Jackson v. Bank of America, N.A., 080318 FED11, 16-16685
|Opinion Judge:||OFLAT, CIRCUIT JUDGE|
|Party Name:||KARUN N. JACKSON, URSULA D. JACKSON, Plaintiffs - Appellants, v. BANK OF AMERICA, N.A., Defendant, SPECIALIZED LOAN SERVICING LLC, BANK OF NEW YORK MELLON, MORTGAGE ELECTRONIC REGISTRATION SYSTEMS, INC., Defendants - Appellees.|
|Judge Panel:||Before TJOFLAT and JULIE CARNES, Circuit Judges, and BLOOM, District Judge. BLOOM, District Judge, specially concurring|
|Case Date:||August 03, 2018|
|Court:||United States Courts of Appeals, Court of Appeals for the Eleventh Circuit|
The Eleventh Circuit affirmed the district court's dismissal of the case with prejudice for failure to state a claim, but on an alternative ground. The court held that counsel for homeowners filed a multi-count, incomprehensible complaint that flouted the Federal Rules of Civil Procedure and this Circuit's well-established precedent. The court found that plaintiffs obstructed the due... (see full summary)
Appeal from the United States District Court for the Southern District of Alabama D.C. Docket No. 1:16-cv-00062-CG-M
Before TJOFLAT and JULIE CARNES, Circuit Judges, and BLOOM, [*] District Judge.
OFLAT, CIRCUIT JUDGE
This appeal involves an abuse of process engineered to delay or prevent execution of a foreclosure judgment on a residence and the consequent eviction of its occupants. The homeowners' counsel effectuated this scheme by filing a multi-count, incomprehensible complaint that flouted the Federal Rules of Civil Procedure and this Circuit's well-established precedent. The District Court gave counsel an opportunity to file an amended complaint that comported with the requirements of the Federal Rules of Civil Procedure.1 Counsel amended the complaint. He made no effort to correct its deficiencies, however, choosing to stand on his deficient pleading. The District Court nonetheless accepted the amended complaint, going to great lengths to sort it out.

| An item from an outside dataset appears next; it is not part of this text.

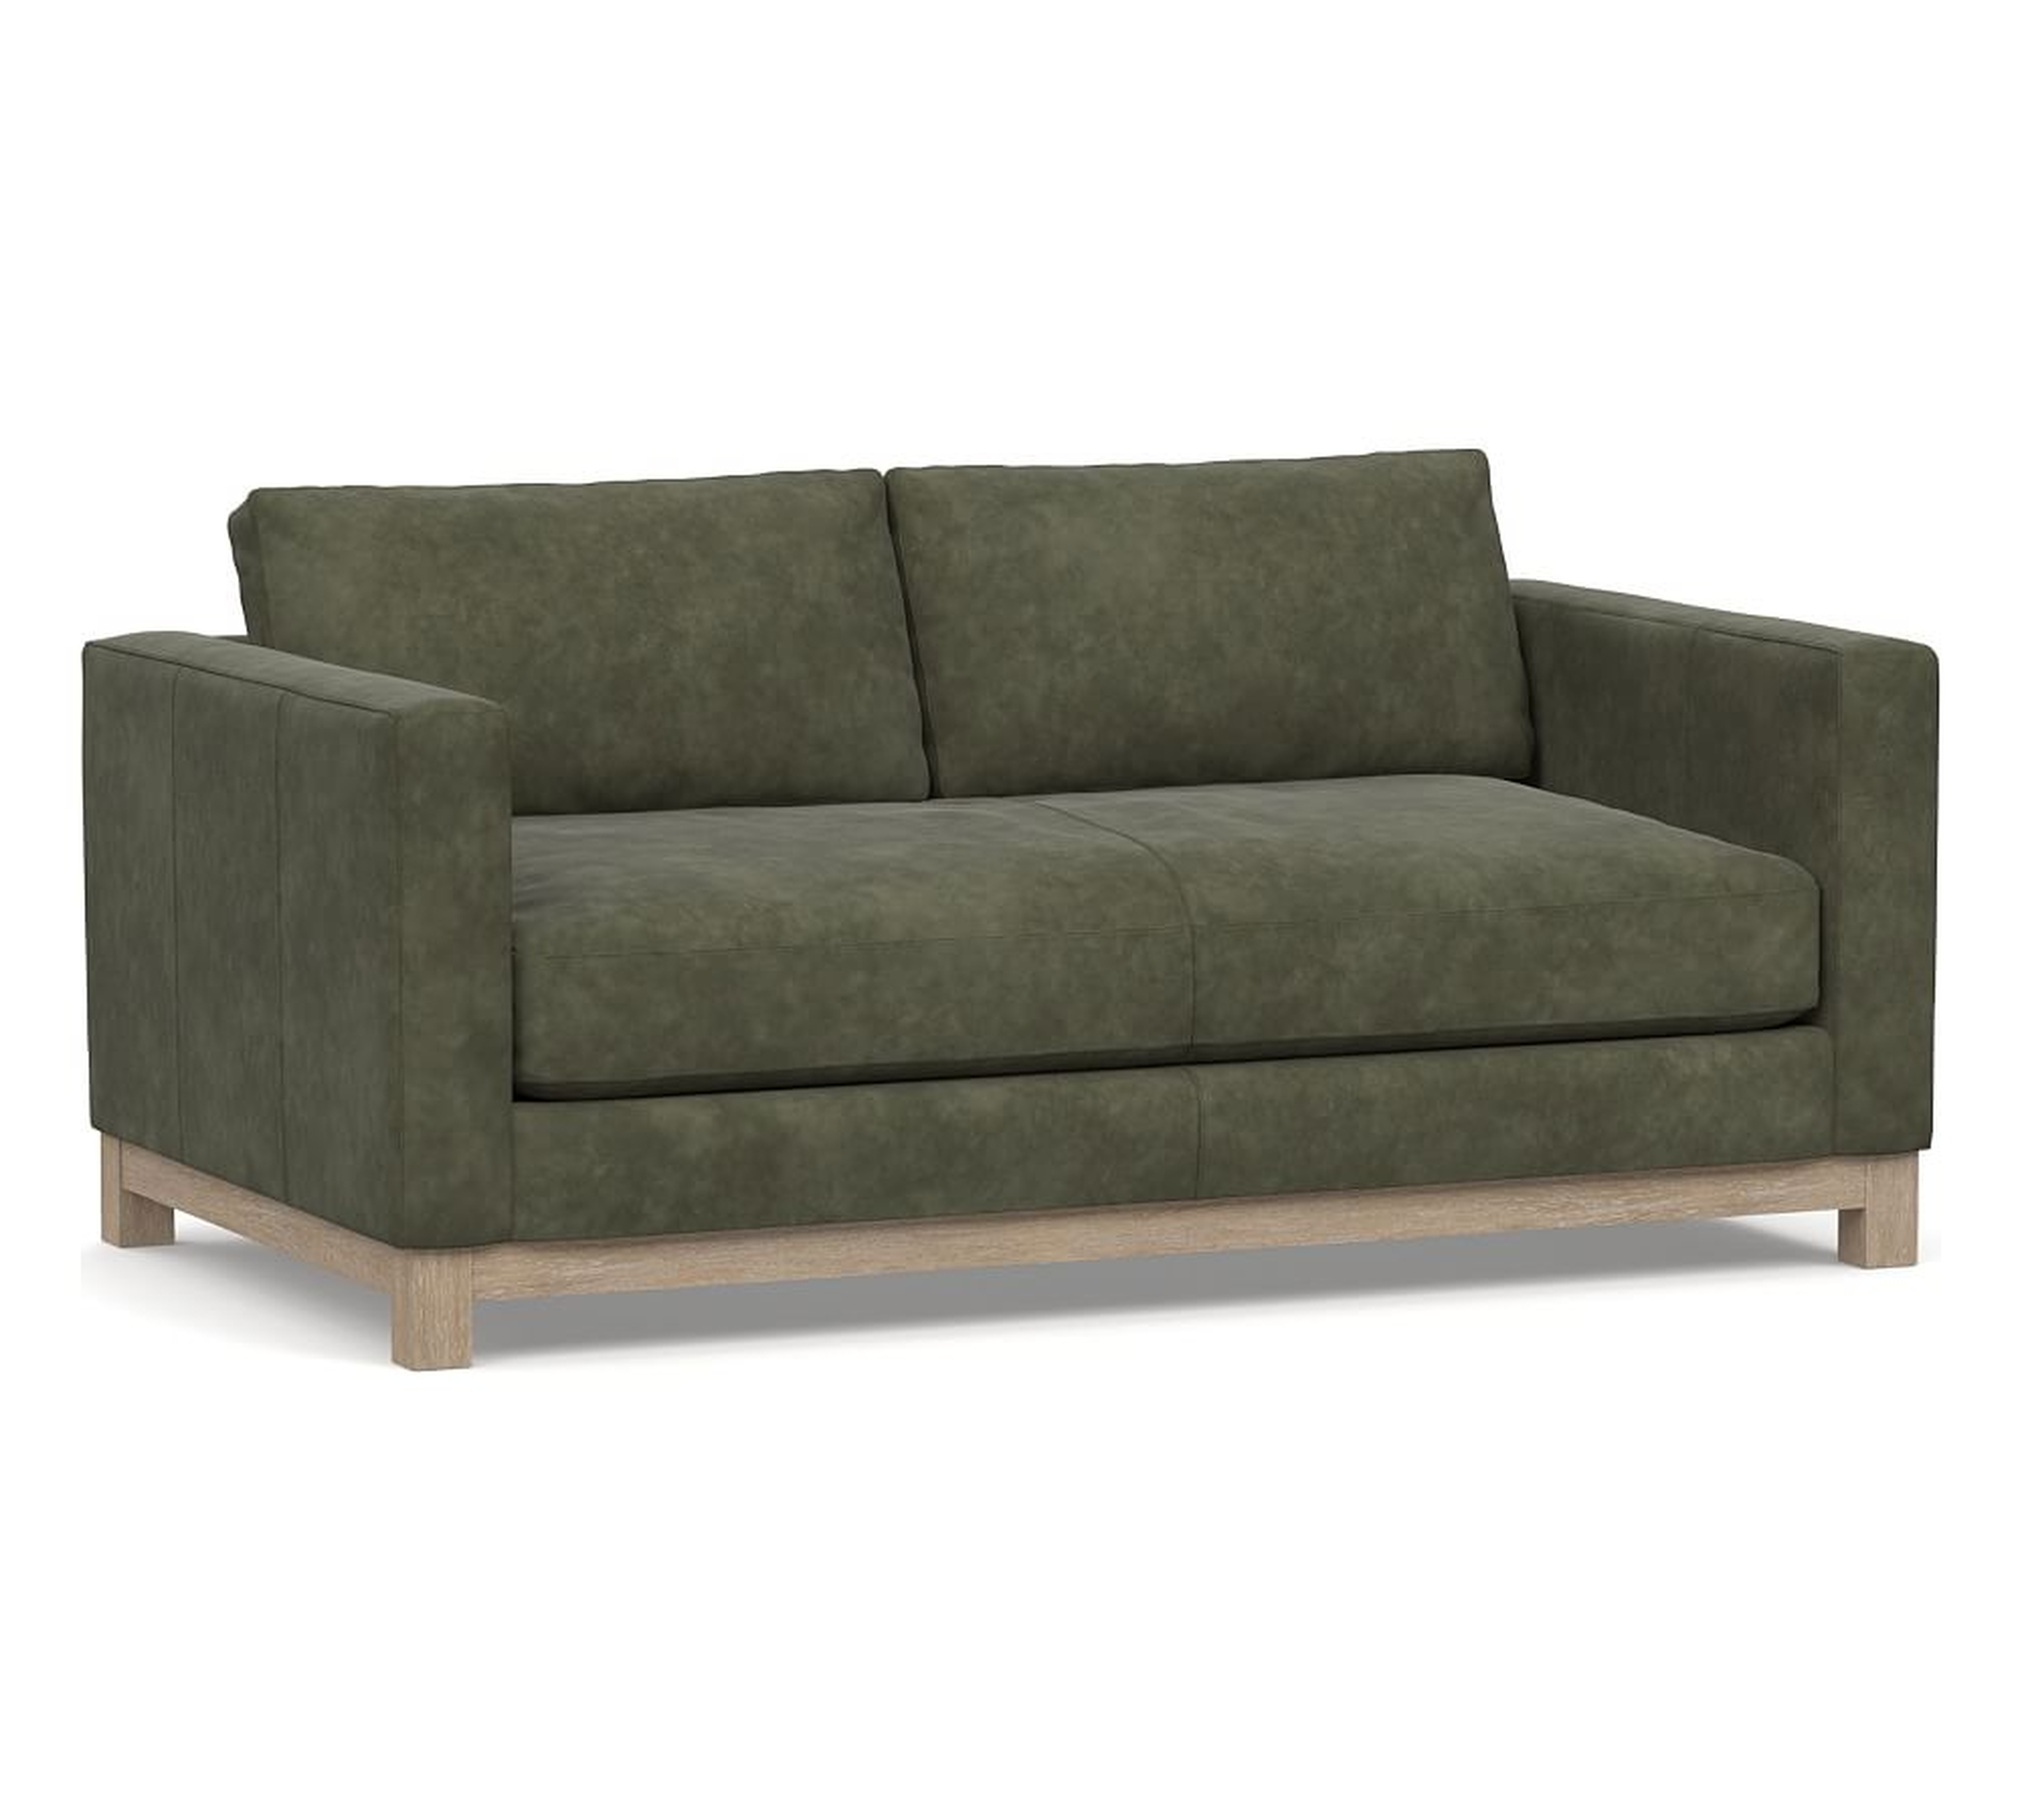 Jake Leather Loveseat 70" with Wood Legs, Down Blend Wrapped Cushions Nubuck Loden Green - Pottery Barn
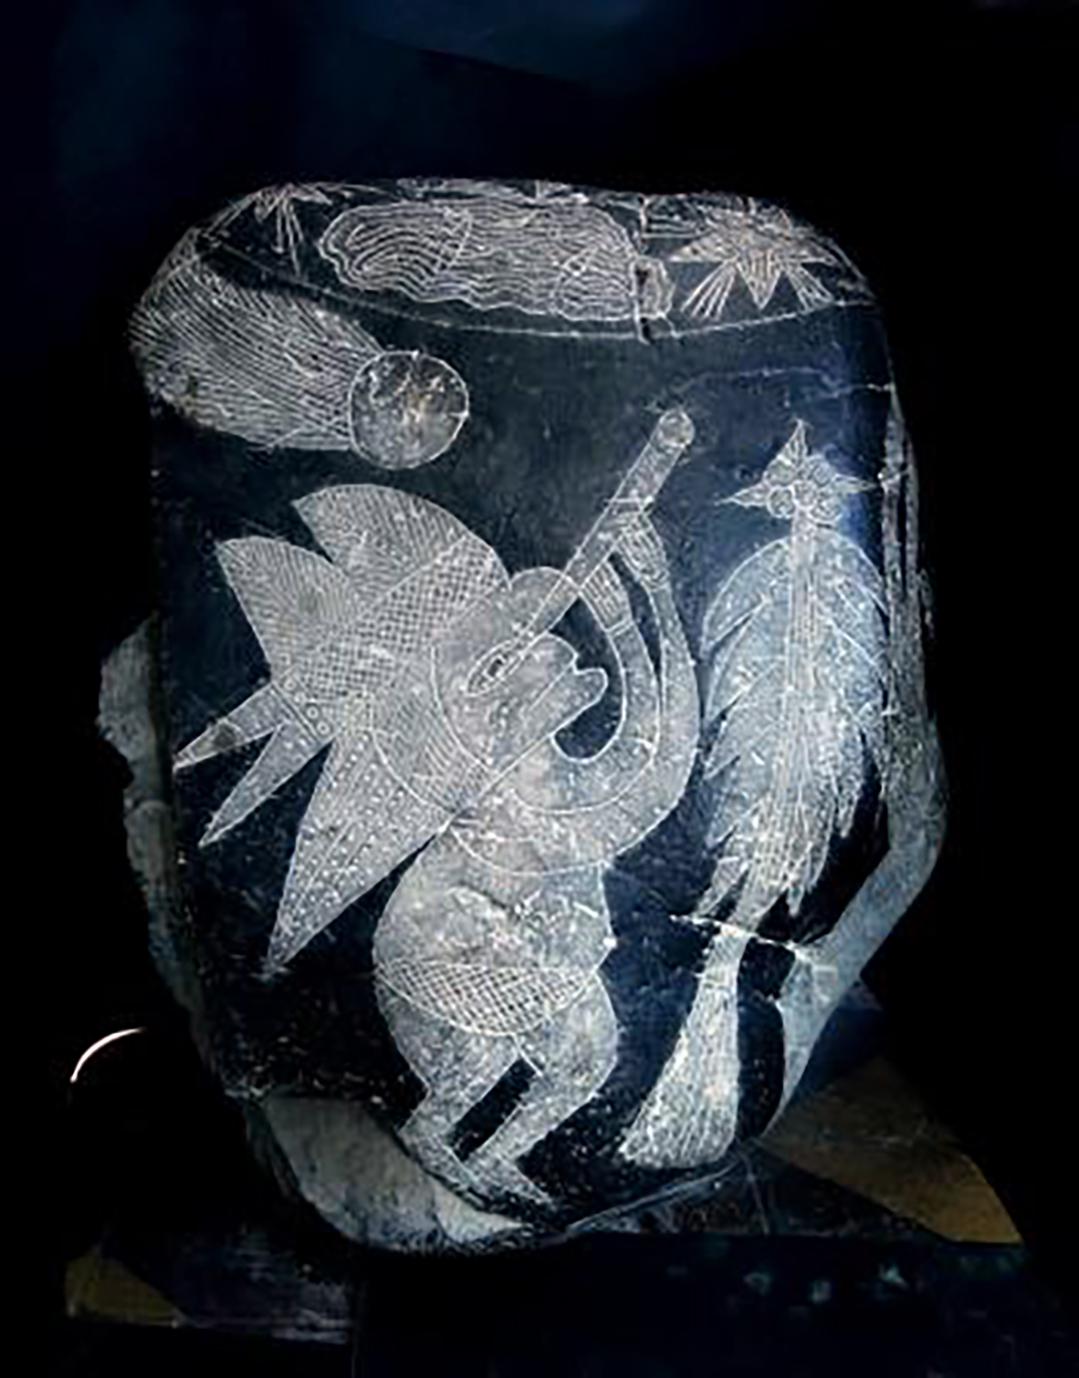 This Ica Stone depicts a person wearing a headdress, observing a comet through a telescope. (Courtesy of Eugenia Cabrera)

After spending fifty-four pages unpacking the pleading just to determine whether the amended complaint presented a cognizable basis for relief, the District Court dismissed the case with prejudice for failure to state a claim. We affirm the District Court's judgment, but we do so on an alternative ground. By attempting to prosecute an incomprehensible pleading to judgment, the plaintiffs obstructed the due administration of justice in the District Court. And they are doing the same here in urging this Court to uphold the sufficiency of their amended complaint.
The facts of this case demonstrate the scheme's operation. Karun and Ursula Jackson, represented by Kenneth Lay, a Birmingham, Alabama lawyer, 2brought this action against Bank of America, N.A., Specialized Loan Servicing LLC ("SLS"), Bank of New York Mellon ("Mellon"), and Mortgage Electronic Registration Systems, Inc. ("MERS") in the Circuit Court of Baldwin County, Alabama on January 12, 2016, one day after the foreclosure sale of their residence. The Jacksons' complaint alleged fourteen causes of action under Alabama and federal law in separate counts, spanned twenty pages, and contained 109 paragraphs of allegations. The causes of action were not defendant-specific, all were based on all of the complaint's twenty-four introductory paragraphs, and all fourteen causes of action incorporated all previous allegations. This made it impossible for any Defendant to reasonably frame an answer. The crux of the complaint appears to be that Defendants3 classified their home mortgage as in default, accelerated their loan, turned over their account for foreclosure, and reported the foreclosure to the credit reporting agencies without any legitimate basis for doing so.
Specifically, the Jacksons alleged that they purchased a house in Daphne, Alabama on August 28, 2006. To finance the purchase, they executed a mortgage and a promissory note with First Residential Mortgage Network, Inc. for $139, 040.00. As specified in the mortgage agreement, MERS acted as the servicer for the loan. First Residential later sold and assigned the note and mortgage to Mellon.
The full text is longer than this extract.